Task requirements — Nothing in the copy should be a picture; everything else in the listing is to be restated exactly.

Stored data —

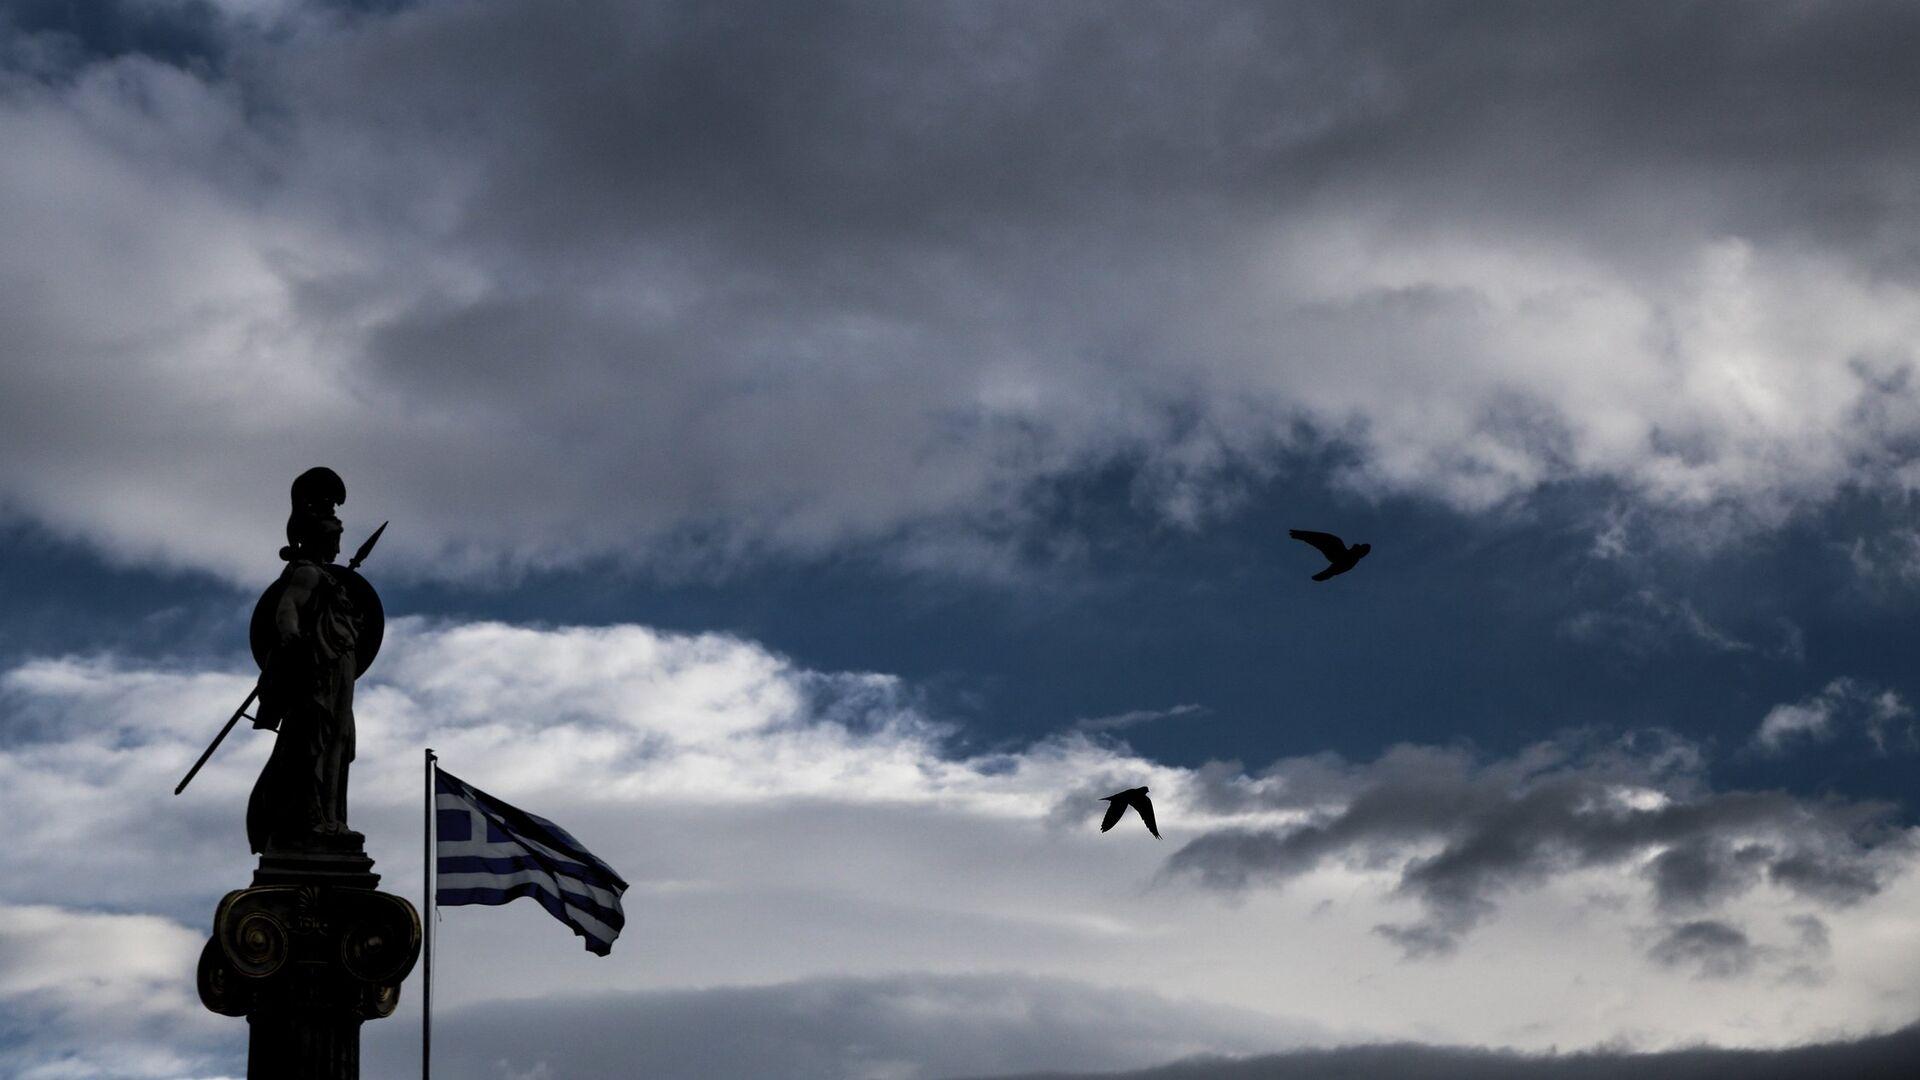 Άστατος καιρός - Sputnik Ελλάδα, 1920, 03.10.2021
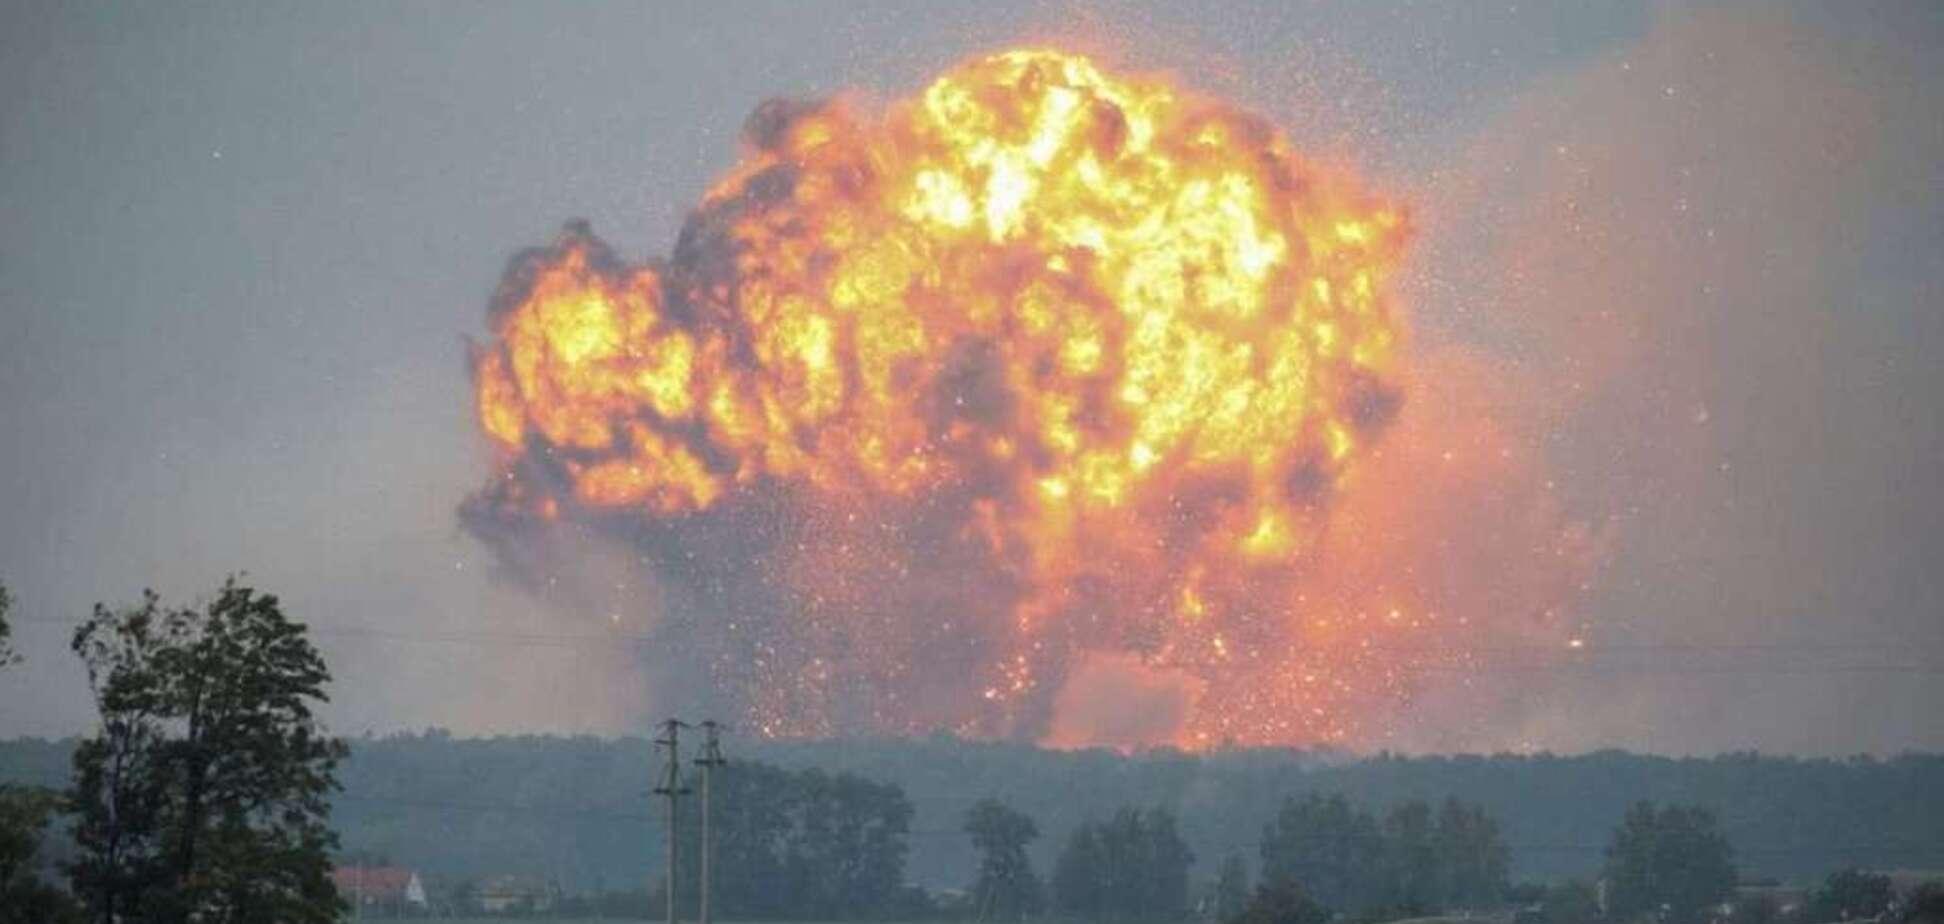 'Люди почали евакуацію': голова села під Калинівкою розповів, що відбувалося після вибуху
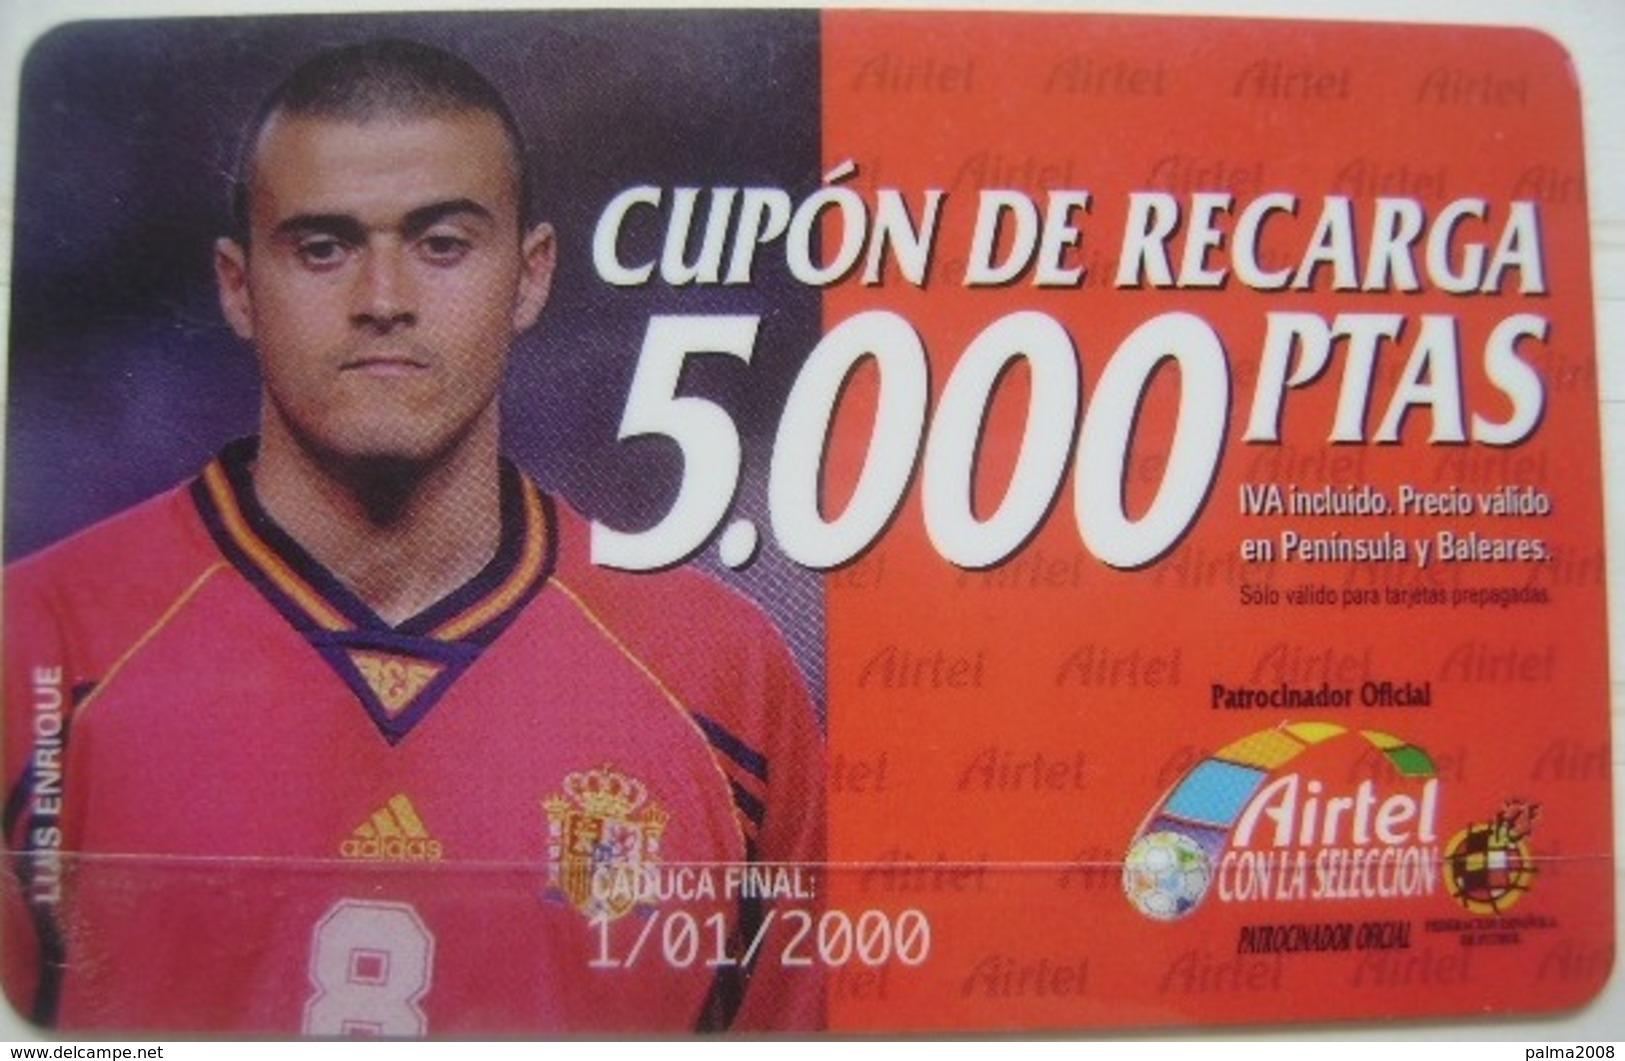 AIRTEL - LUIS ENRIQUE CUPON DE 5000 PTS - USADA 1ª CALIDAD LA DE LA FOTO - A699 - Airtel

Response to the exercise —
 Άστατος καιρός - Sputnik Ελλάδα, 1920, 03.10.2021
 'Люди почали евакуацію': голова села під Калинівкою розповів, що відбувалося після вибуху
 AIRTEL - LUIS ENRIQUE CUPON DE 5000 PTS - USADA 1ª CALIDAD LA DE LA FOTO - A699 - Airtel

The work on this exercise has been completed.